23.13   Ashley Scarff, Director of Joint Commissioning and Integrated Care Team Development (East Sussex) noted that there had been an update report on access to primary care at the previous HOSC meeting and there would be another update at the next HOSC meeting as well.

23.14   The Committee asked where the unscheduled care hubs were based.

23.15   Paul Fisher, SECAmb Operating Unit Manager, explained that hubs had been established in the Make Ready Centres at Falmer and Polegate. Patients did not attend the hub but rather it was where a multi-disciplinary team was set up which would then triage patients to the most appropriate care setting based on the emergency response information. When a 999 call was received that triggered a potential ambulance response, the multi-disciplinary team would review the call and determine whether an ambulance response was necessary and where the patient should be directed instead. Ambulance crews were also able to contact the hub to discuss a patient and determine whether somewhere other than ED was the most appropriate place for them to be taken. The hubs had been in place for about 3 weeks, and each had resulted in roughly 10 people a day being streamed away from ED. Richard Milner added that there was an ESHT consultant involved in the screening of the emergency calls that were received and that since the hubs had been set up ESHT had already seen a decrease in the number of ED conveyances.

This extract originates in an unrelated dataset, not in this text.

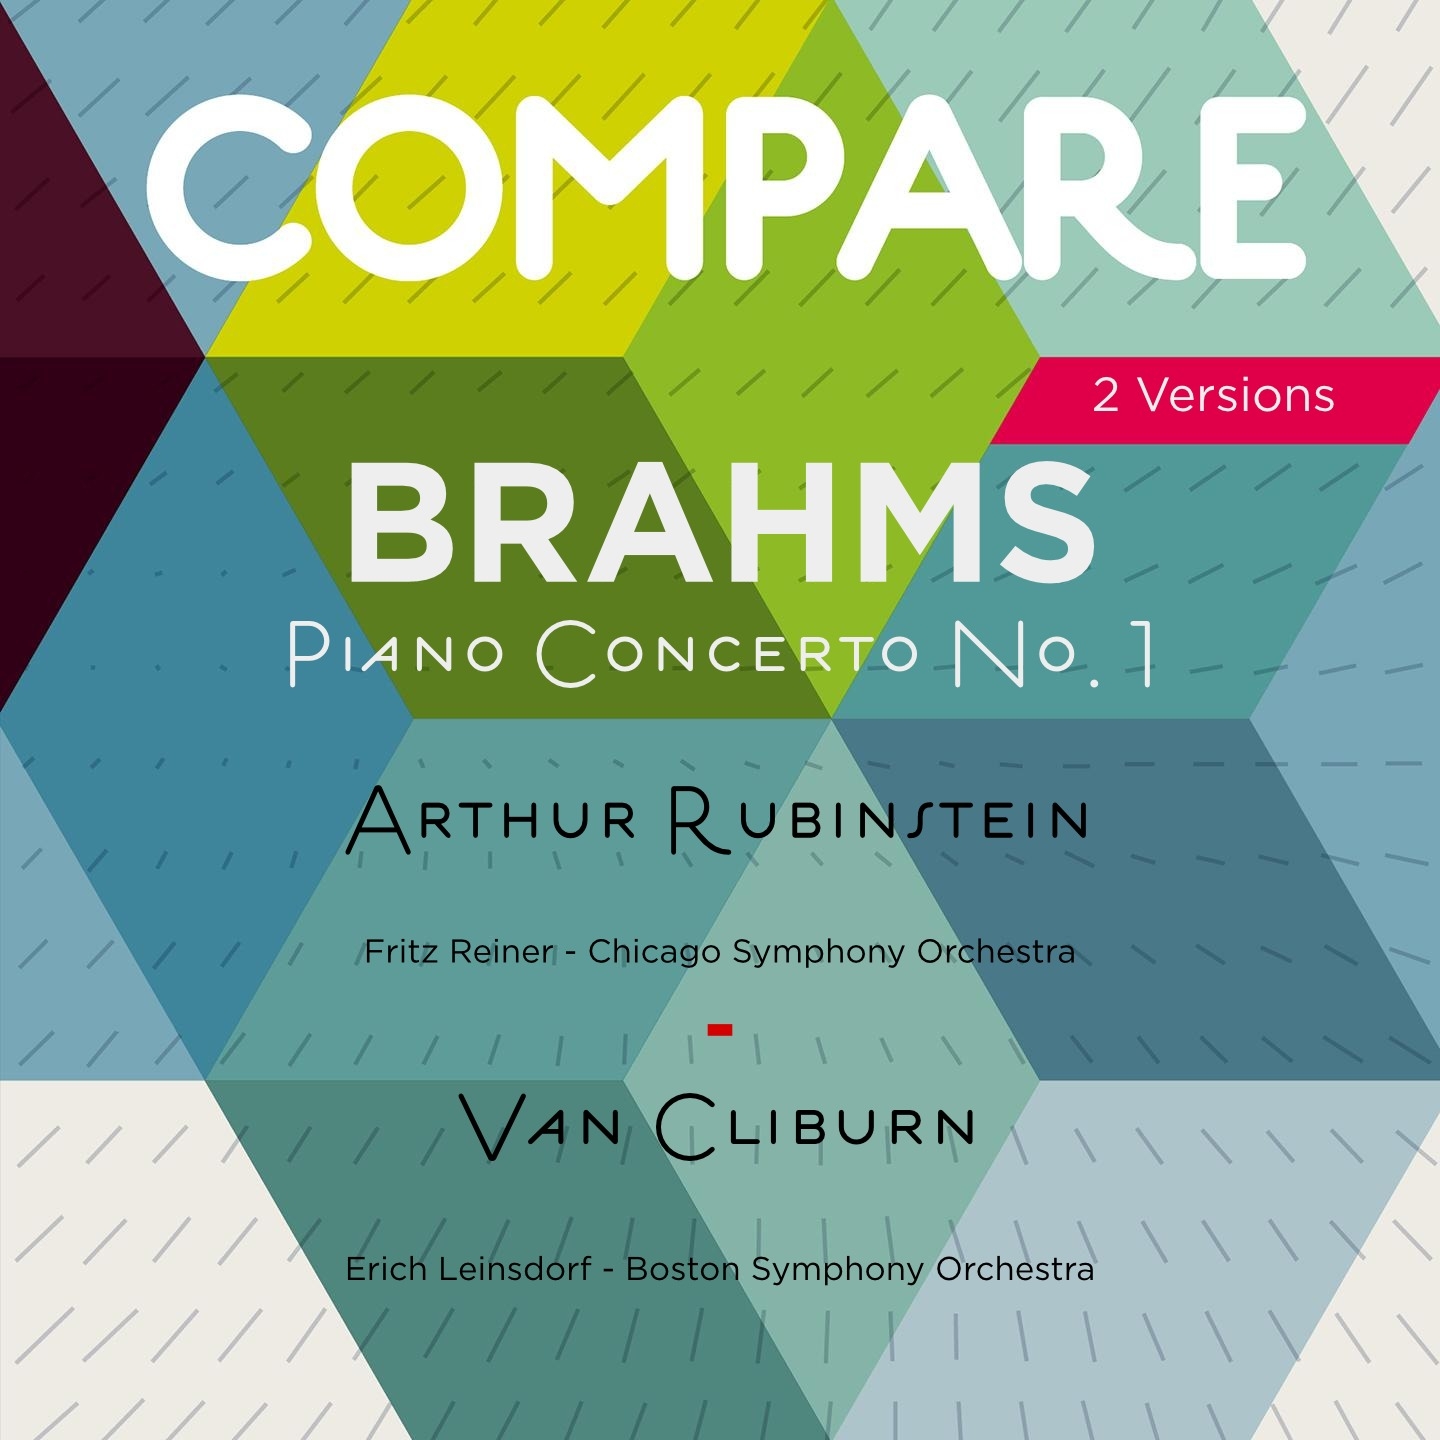 Brahms: Piano Concerto No. 1, Arthur Rubinstein vs. Van Cliburn

23.16   The Board noted that the importance of continuity of care and asked how providers fulfilled the workload of staff who left.

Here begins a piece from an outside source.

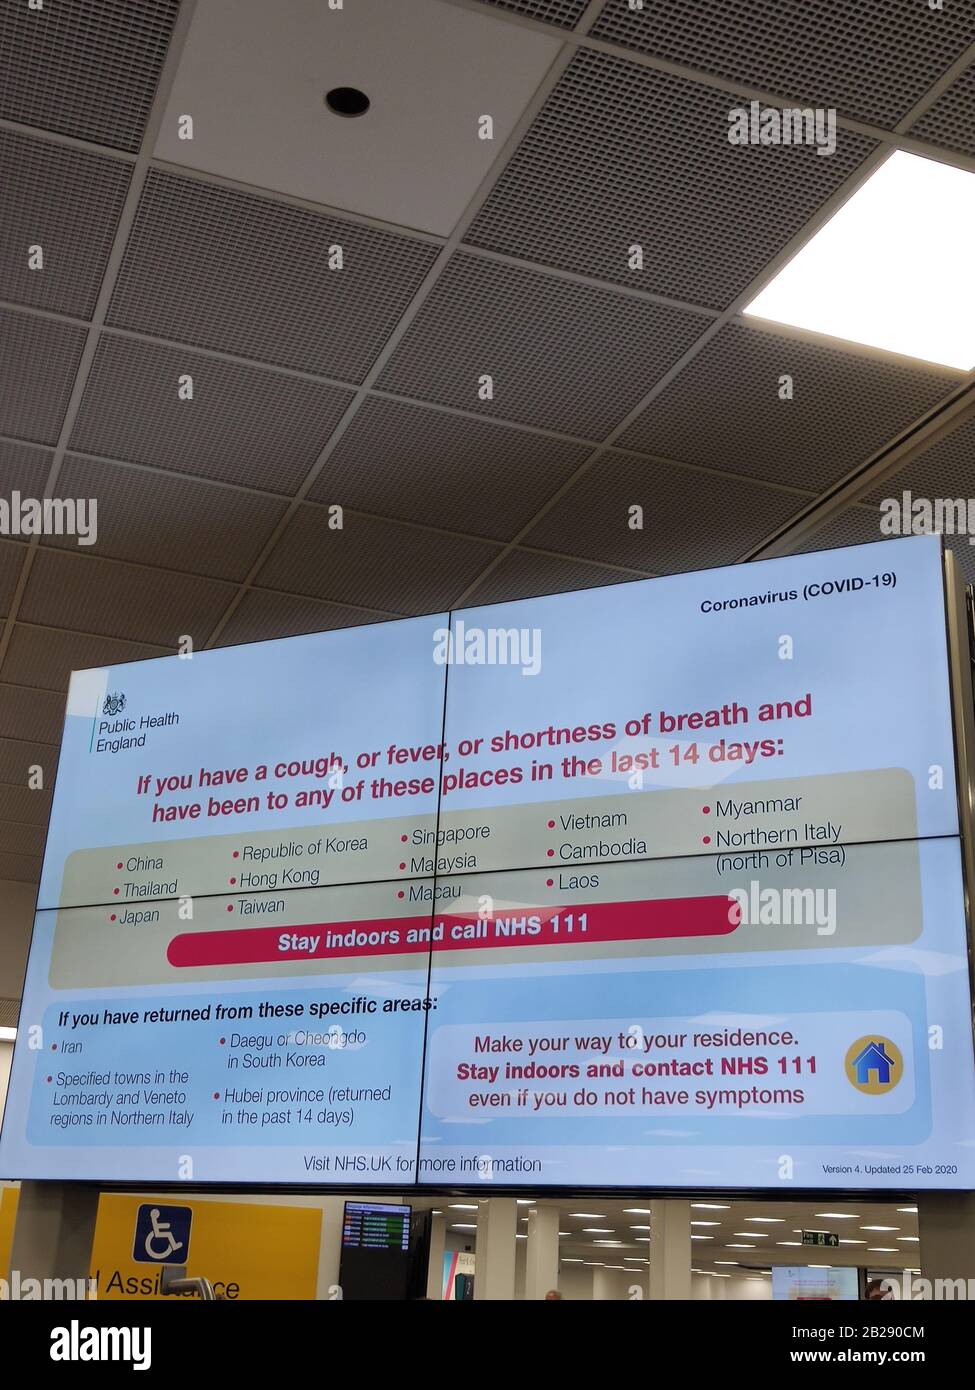 01/03/2020 - Luton Airport, United Kingdom - Coronavirus warning/alert screen in the arrival hall. Stock Photo

23.17   Richard Milner noted that when staff left replacements would be recruited, noting that recruitment continued to be a challenge. ESHT worked hard to make itself an organisation that people wanted to work for so that when clinical staff were being recruited there was a high quality of candidates that applied for the roles. Dr Matthew Clark, explained that most consultants would slowly wind down their hours, meaning that there would be a gradual handover of work and responsibilities, and there were always plans in place for when people left and joined the organisation.

23.18   The Committee asked what was being done to encourage neurodiverse individuals to be vaccinated included through special sessions that were more comfortable for them.

23.19   Dr Ramsay responded that he was unsure whether there were sessions more accommodating and that he would provide an answer outside of the meeting.

23.20   The Committee asked whether the Winter Plan was robust enough should there be a spike in virus infections due to the lower uptake of vaccines this year.

23.21   Dr Ramsay noted that due to the rise in cases of Covid-19, winter flu, RSV and norovirus, there had already been increasing system-wide pressures and there were significant concerns nationally regarding these. The Winter Plan had been designed to help alleviate the operational pressures that these viruses created. NHS Sussex continued to encourage the uptake of vaccines.

23.22   The Committee asked if there were similar triage processes in place for 111 calls and walk-in ED presentations to ensure people were being treated in the right place to meet their clinical need.

23.23   Dr Ramsay explained that walk-ins to ED would be streamed to the environment that best met their clinical needs. If a patient could be treated at an Urgent Treatment Centre or a Minor Injury Unit then they would be streamed to those more appropriate areas on-site.

23.24   The Committee asked what monitoring of the success of Pharmacy First had there been and if the programme had resulted in people being diverted away from hospital.

23.25   Dr Ramsay said that he was not aware of what monitoring was done of Pharmacy First but agreed to explore that issue further and provide a response outside the meeting.

23.26   The Committee asked how NHS Sussex worked with neighbouring ICBs to ensure that patients near the boundaries of the county were appropriately supported.

23.27   Ashley Scarff explained that NHS Sussex engaged directly with all healthcare providers that delivered services to East Sussex residents, including the University Hospitals Sussex and Maidstone and Tunbridge Wells NHS Trusts. All Integrated Care Systems had integrated system winter plans and the Sussex system worked with them on a daily basis to manage operational pressures and patient pathways and flow.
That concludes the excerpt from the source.